Она шла по жизни осторожно, мелкими шажками, прячась за линией обороны. Он хотел предостеречь, что это не способ выиграть игру, но подозревал, что такая стратегия ей подходит.
– Расскажите о своем имени, – попросил он. – Феррин – это немного необычно, не согласны?
Он сжал ее руку и заметил, как красиво переплетаются их длинные пальцы. Потянул ее за собой, и они вместе пошли по линии прибоя.
– Оно в самом деле редкое. В детстве я никогда не могла купить сувенир со своим именем, – ответила она.
– То же самое со мной. Я не встречал много брелоков для ключей с именем «Хантер». Так вас назвали в честь кого-то?
– Да. Это второе имя прапрадеда по отцовской линии. Феррин – девичья фамилия его матери. Обычно «Феррин» бывает вторым именем или фамилией и очень редко первым. Но моя мама, которую зовут Дженнифер, посчитала свое имя слишком банальным и хотела, чтобы мое было уникальным.
Он улыбнулся:
– Уникальное имя для уникальной женщины.
– Вы недостаточно хорошо знаете меня, чтобы я могла поверить вашим словам.
Он молчал. Опять забыл, как она серьезна, как умна и видит суть за внешней мишурой, которую он привык разбрасывать перед окружающими, и как-то не задумывался о том, что не всем это нравится. Жаль, что он сказал ей это. Не нужно было, особенно сейчас. Ему следовало подождать, пока он не узнает ее лучше.
– Узнаю, – ответил он. Слова прозвучали клятвой, данной себе.
– Не стоит. Давайте просто…
– Вы зря меня недооцениваете, Феррин.
– Я недооцениваю? – удивилась она.
В этот момент она показалась ему хрупкой в лучах яркого солнца. В волнах резвились серфингисты, а дети деловито строили замки из песка.
– Да. Почему именно? – спросил он.
Она отняла руку и обхватила себя за талию. Очень застенчиво, словно не она смело приехала в его дом и сидела на крыльце, ожидая хозяина.
– Обещания легко даются. Всего пара слов сегодня, которые назавтра забываются. Может, этот день должен быть именно таким? Немного поразвлечемся, пока не решим, должна ли я действовать за спиной отца и дать вам то, что вы захотели. Но что-то подсказывает мне, что вам можно верить. Видеть в вас человека, способного не только на пустые слова, которые так беспечно уносит морской ветер. Если же все не так, придется с этим жить, – сказала она наконец.
Вполне справедливо. Люди относятся к нему по-разному. И он часто сознавал, что подвел их. Но он всего лишь человек, который может совершать неверные поступки.
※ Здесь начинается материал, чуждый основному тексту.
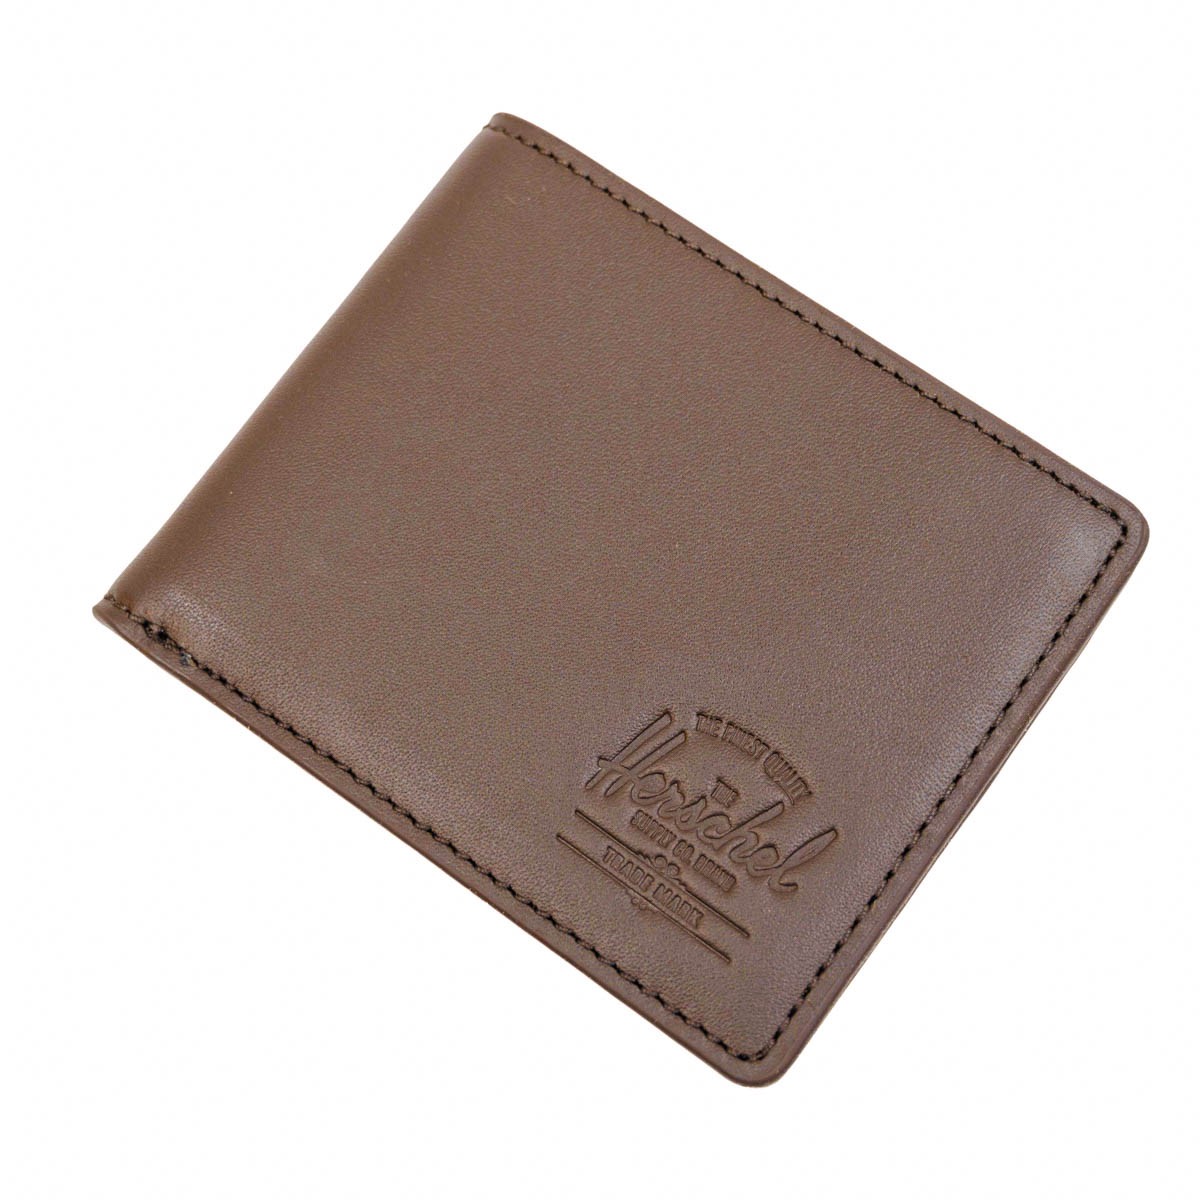 Herschel Hank Leather RFID Wallet Brown 銀包 啡色皮革

– Мы все совершаем ошибки, но это не означает, что я постоянно лгу. Правда, я зациклился на необходимости обелить прошлое. Но при всем этом думаю о будущем, без необходимости постоянно оправдываться.
– Знаю, что мы все совершаем ошибки. Особенно я. Легко стоять здесь и представлять, как говоришь: «Эй, па, я собираюсь позволить Хантеру просмотреть эти коробки», но когда вернусь домой, все усложнится. Чем больше я узнаю вас, чем больше вы мне нравитесь, тем труднее мне принять решение. Возможно, будет лучше, если я уеду из Калифорнии и позволю вам и отцу разбираться самим.
– Лучше для кого? – спросил Хантер. – Только не для меня. Хотел бы я попросить вас забыть все это, хотелось бы просто уйти. Но я не могу, – вздохнул он и, притянув Феррин к себе, осторожно снял с нее темные очки. Их глаза встретились. Ее были встревоженные и сумрачные.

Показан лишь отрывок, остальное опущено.